* [Exercise requirements]: Pictures aside, repeat the listing below exactly.

* [Exercise data]:
----
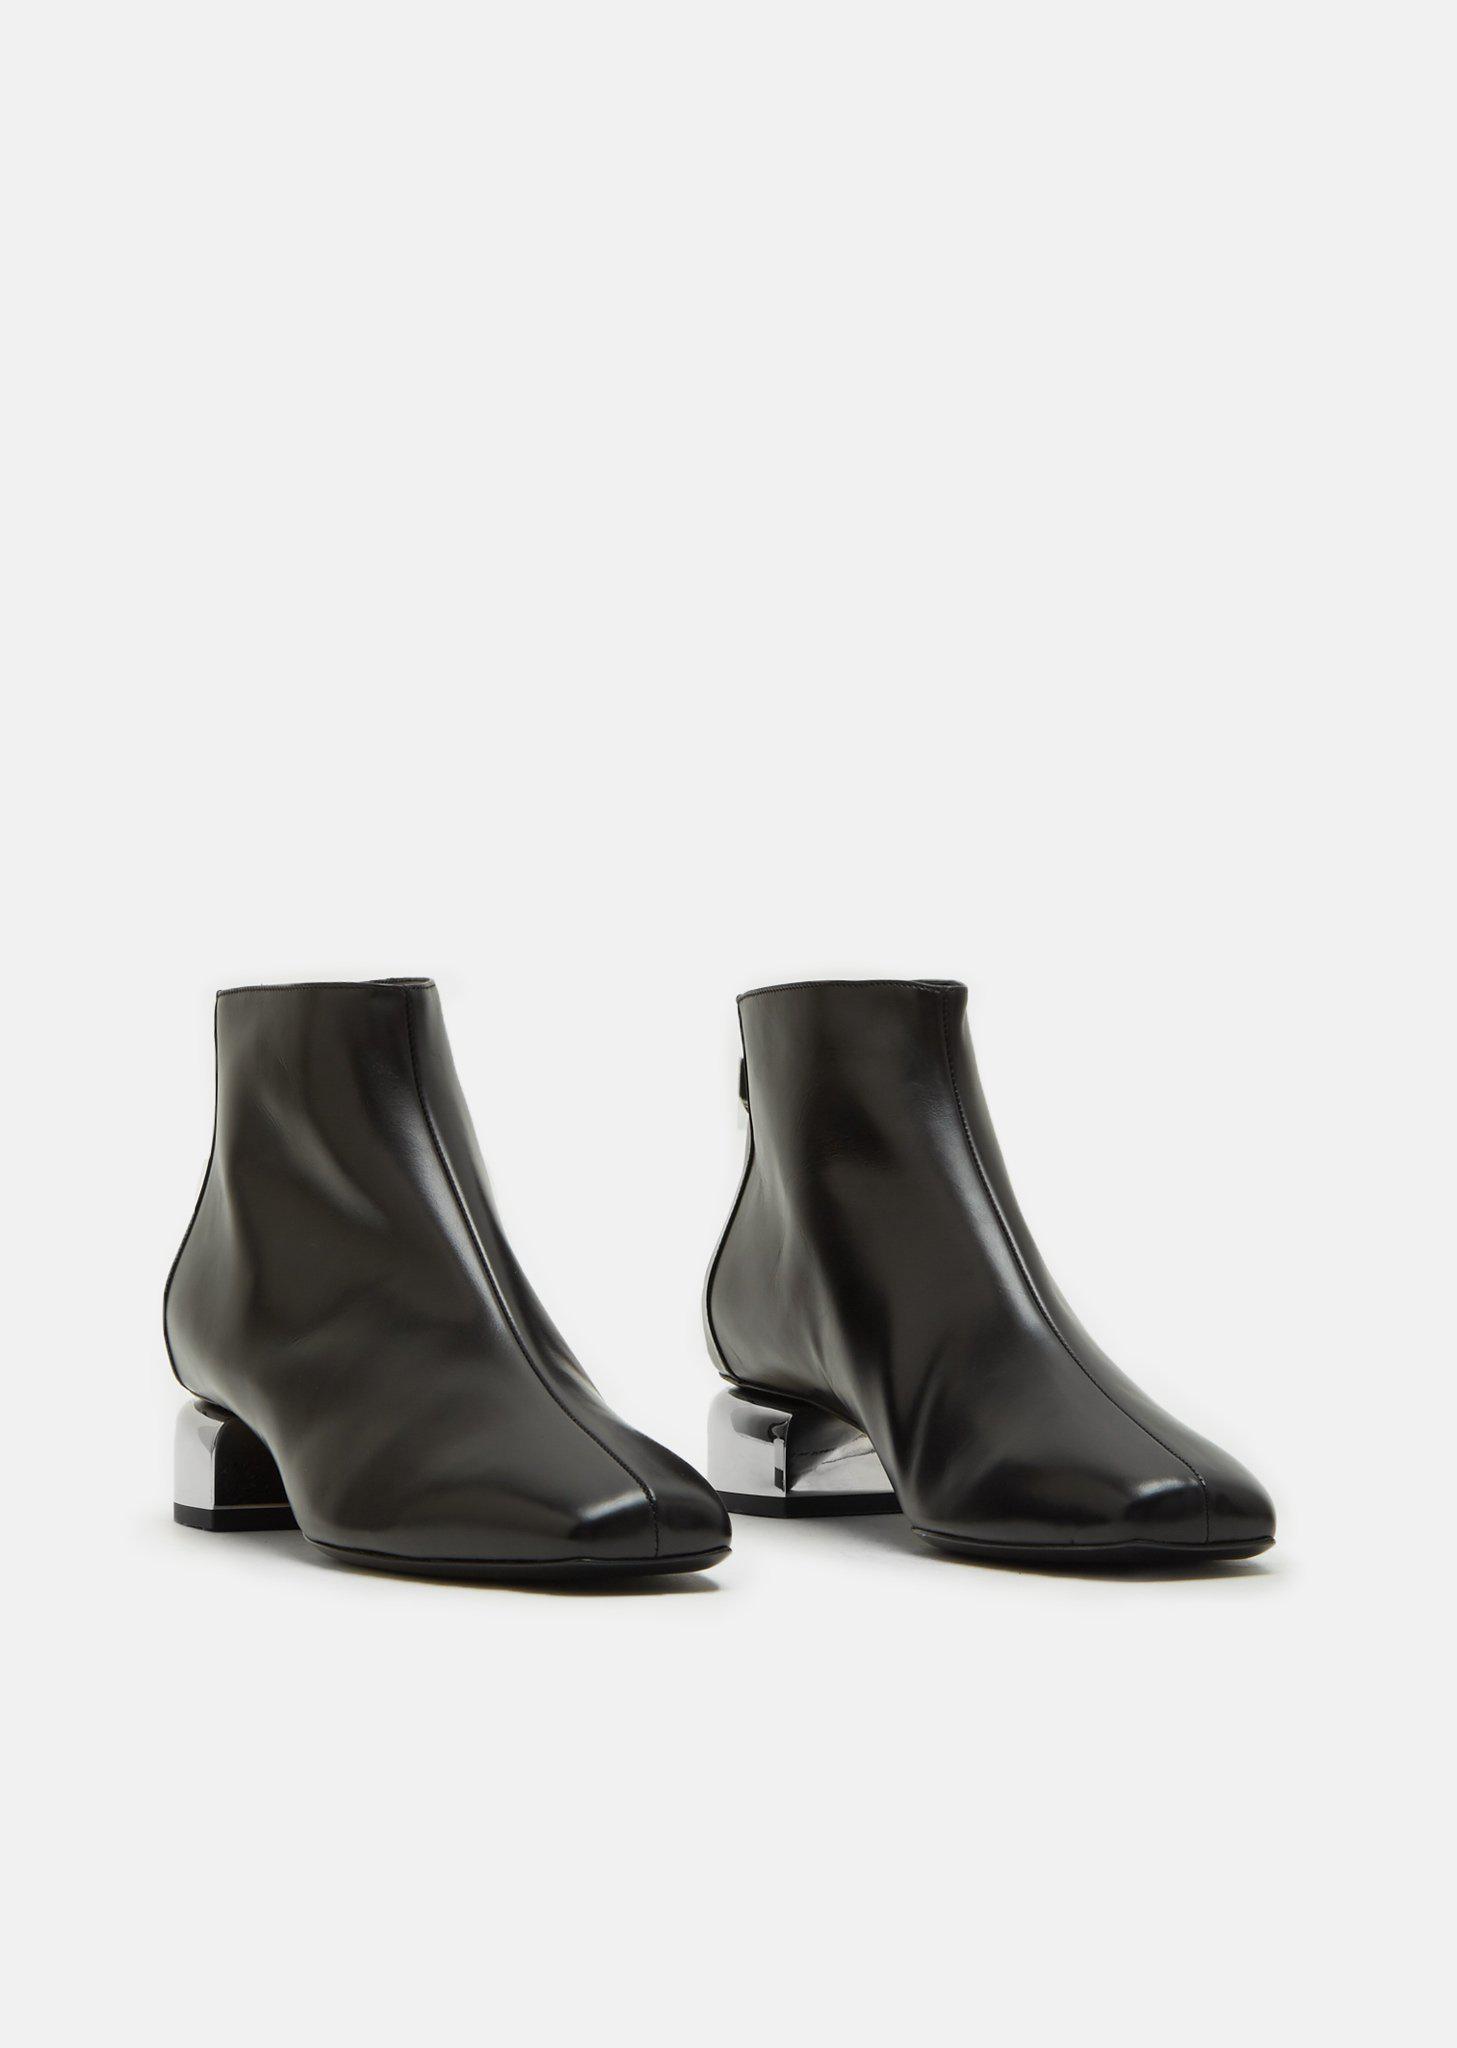 Pierre Hardy Laura heeled ankle boots IBN1JiZKie
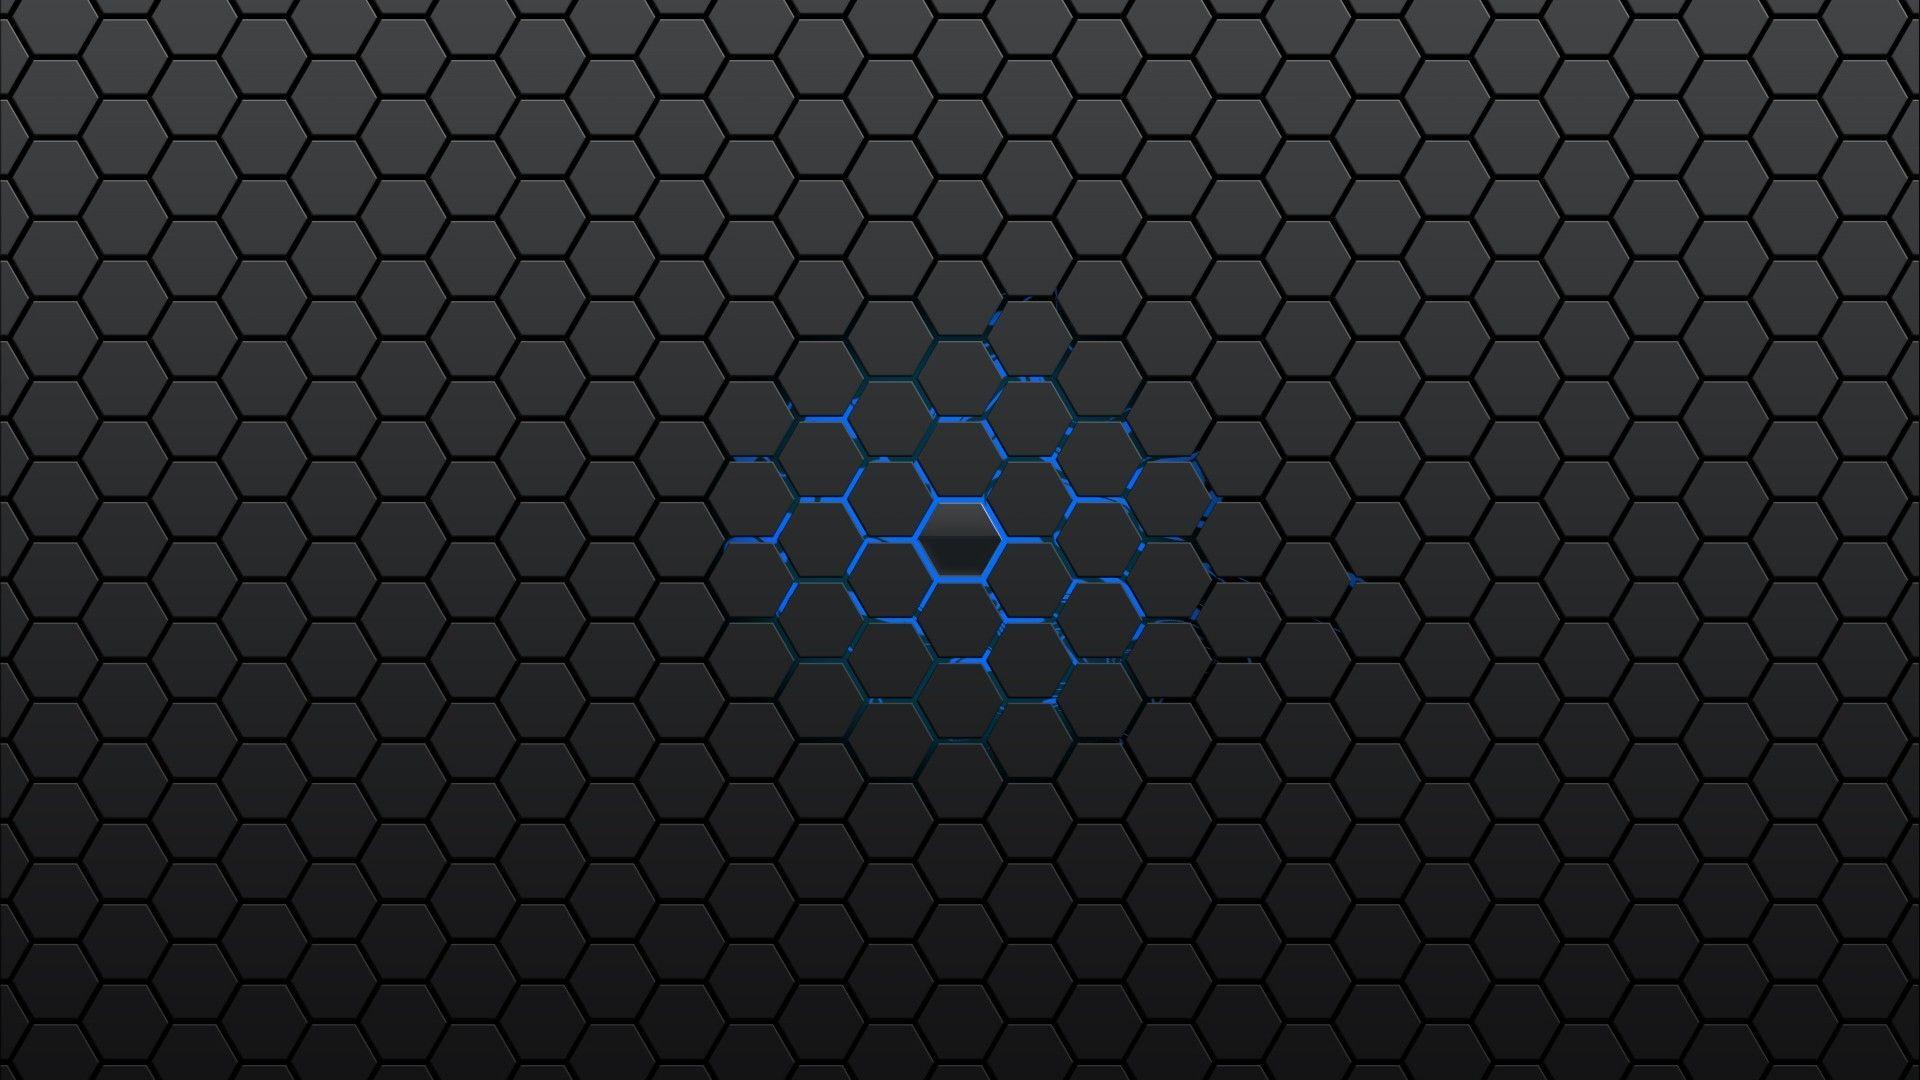 1920x1080 Geometric Pattern Wallpaper Geometric Heart Desktop Wallpaper Geometric Pattern Wallpaper Polygon Pattern Abstract
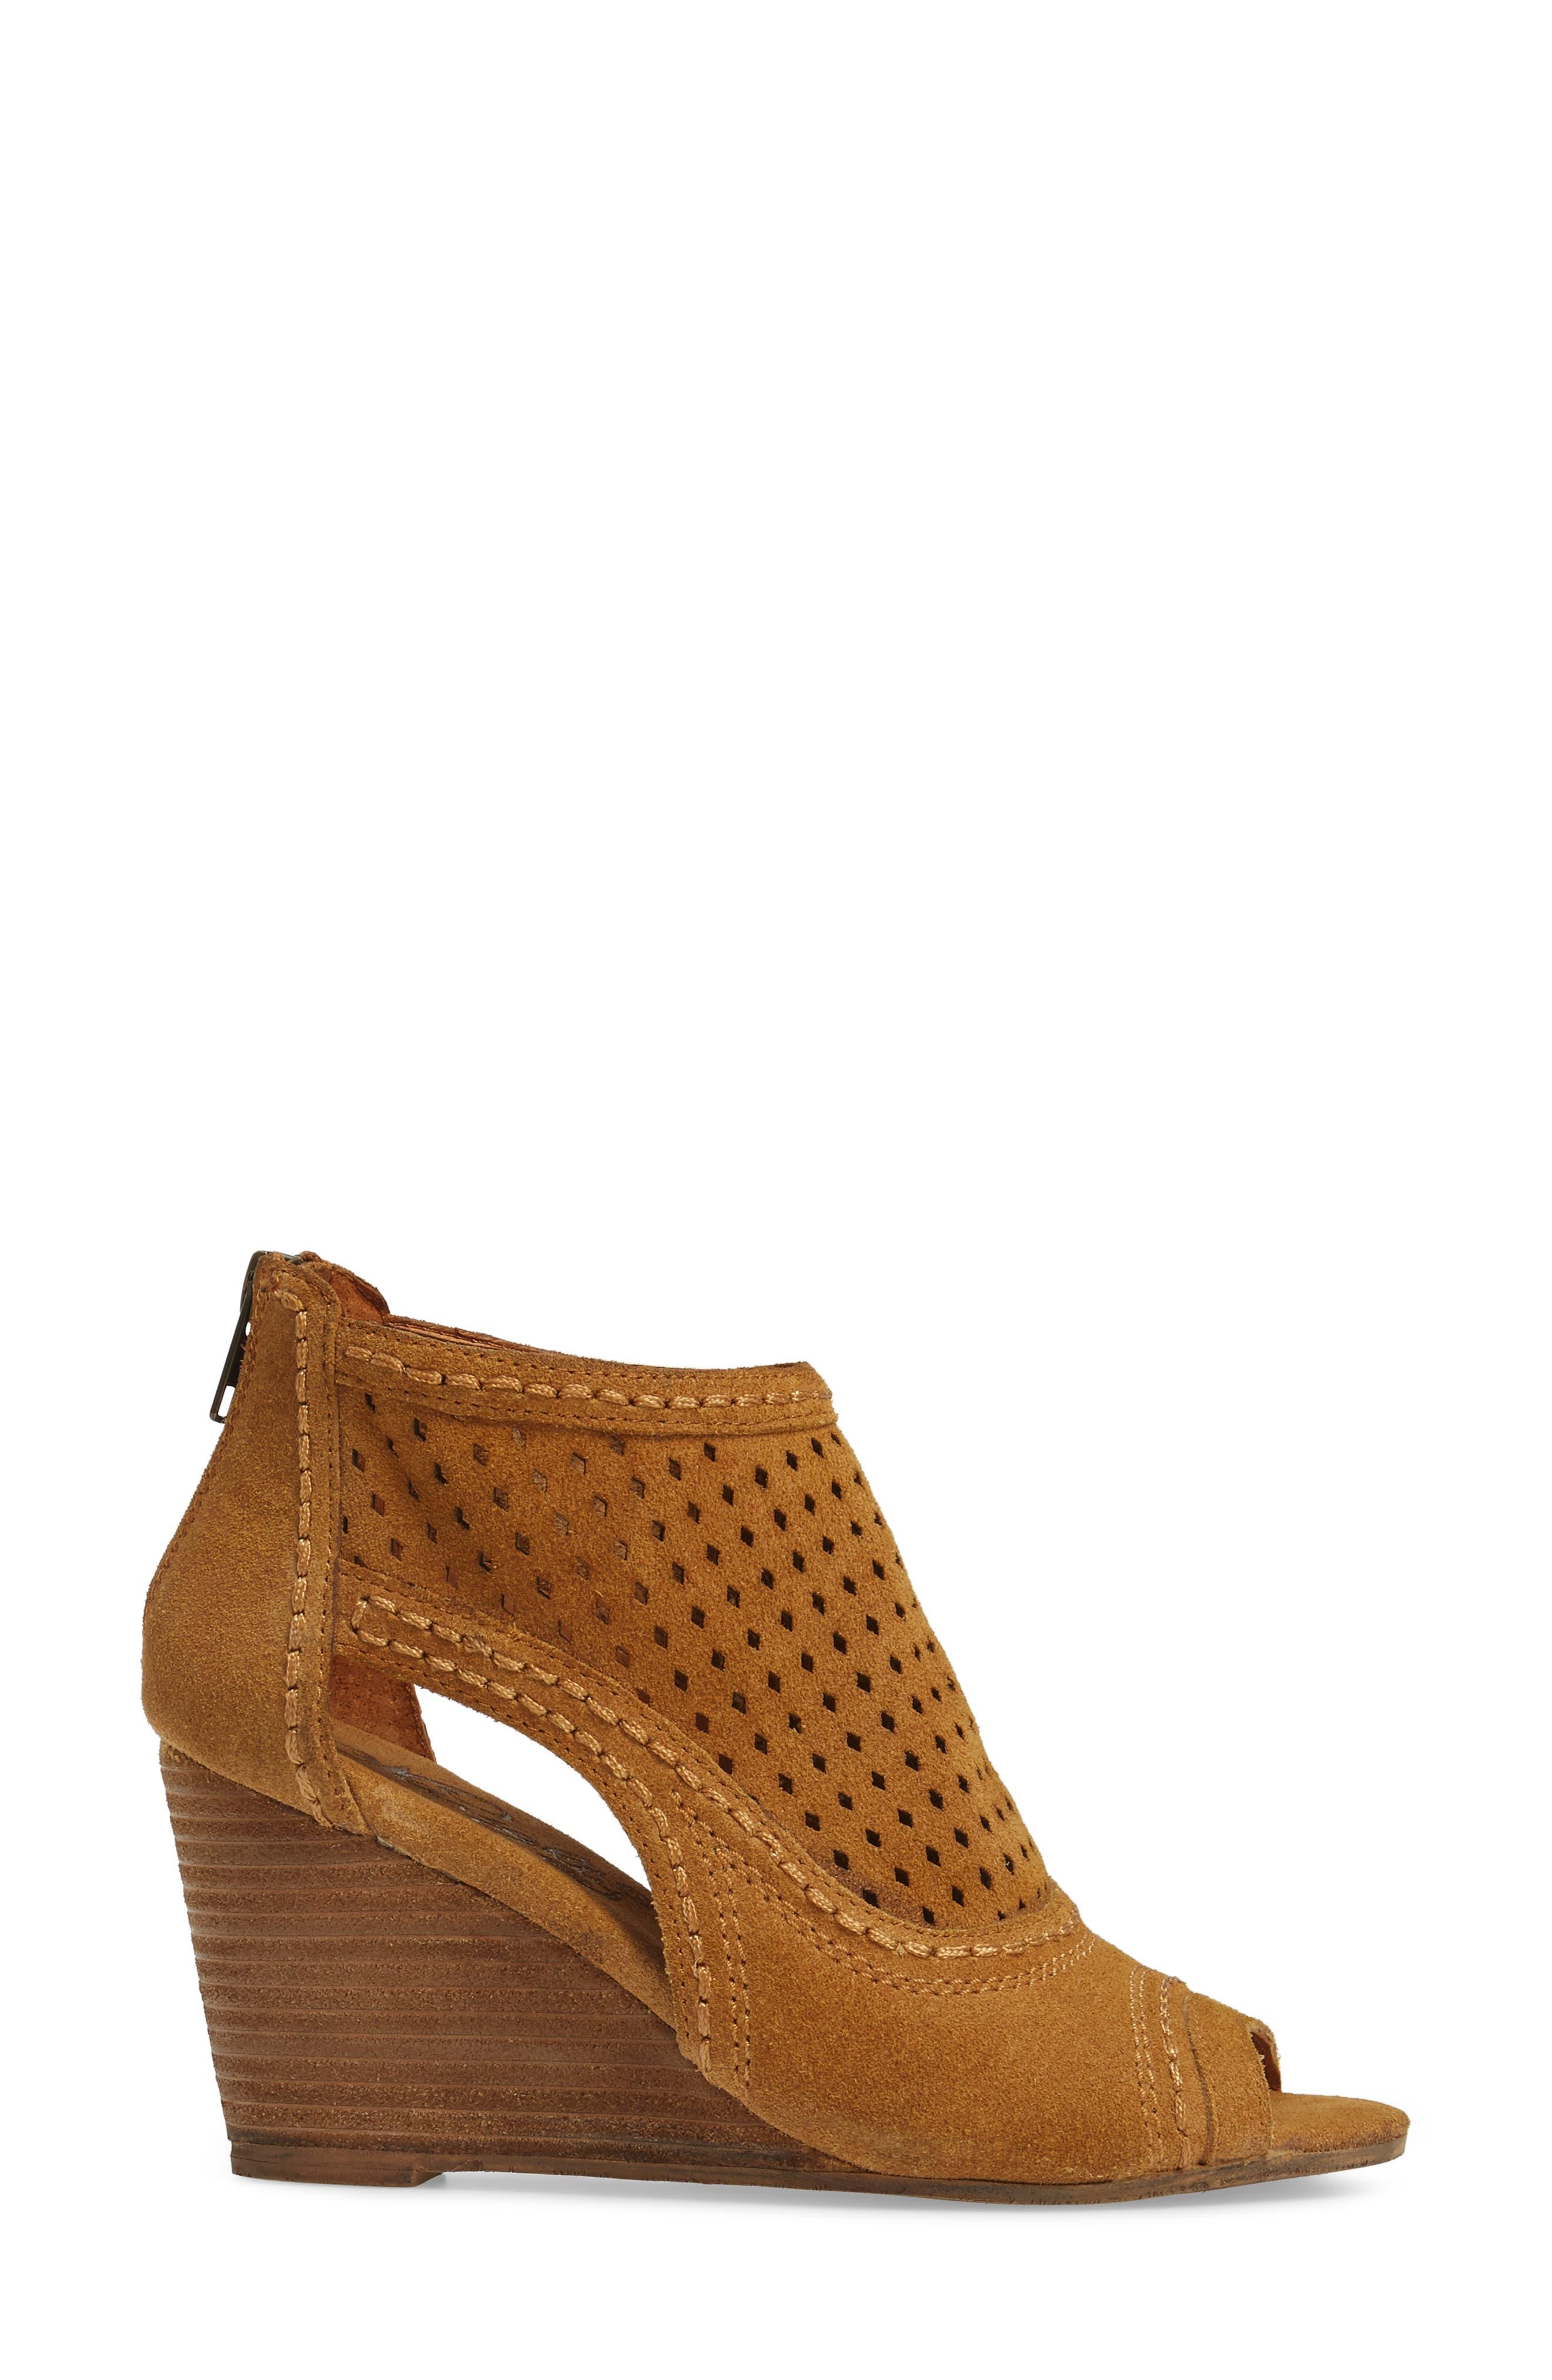 Sharon Perforated Wedge Sandal,                             Alternate thumbnail 5, color,
----
* [Output for this task]:
 Pierre Hardy Laura heeled ankle boots IBN1JiZKie
 1920x1080 Geometric Pattern Wallpaper Geometric Heart Desktop Wallpaper Geometric Pattern Wallpaper Polygon Pattern Abstract
 Sharon Perforated Wedge Sandal,                             Alternate thumbnail 5, color,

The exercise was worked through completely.